**Directions:** Exactly the lines starting at the line containing "Menschen auf dem" and ending at the line containing "7 điều đúc kết" are to be written out from the listing below, both included.

**Data supplied:**
▶

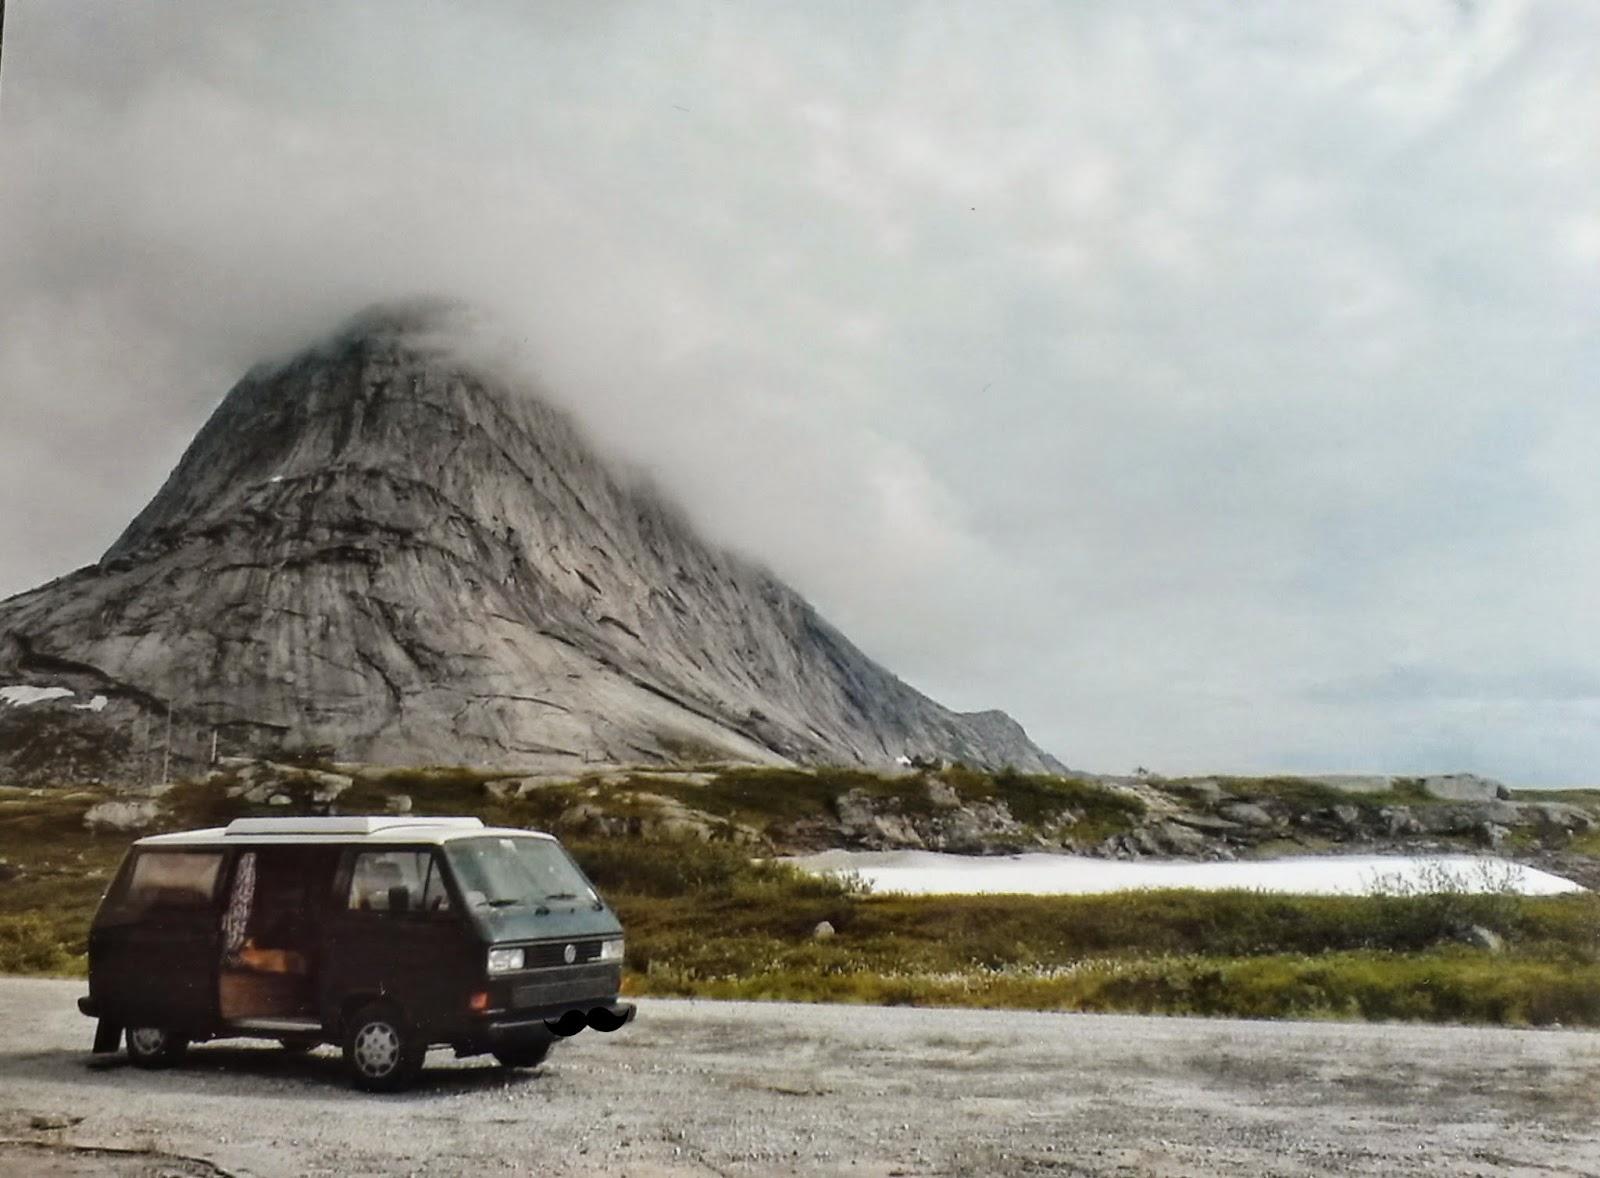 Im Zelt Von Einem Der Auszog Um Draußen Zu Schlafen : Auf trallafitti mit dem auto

◀
▶

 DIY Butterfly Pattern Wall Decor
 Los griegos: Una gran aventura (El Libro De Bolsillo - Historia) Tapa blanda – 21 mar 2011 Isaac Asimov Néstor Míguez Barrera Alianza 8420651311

◀
▶

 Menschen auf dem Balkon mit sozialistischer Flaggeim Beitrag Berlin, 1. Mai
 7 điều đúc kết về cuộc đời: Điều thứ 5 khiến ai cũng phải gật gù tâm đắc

◀

**Output for this exercise:**
 Menschen auf dem Balkon mit sozialistischer Flaggeim Beitrag Berlin, 1. Mai
 7 điều đúc kết về cuộc đời: Điều thứ 5 khiến ai cũng phải gật gù tâm đắc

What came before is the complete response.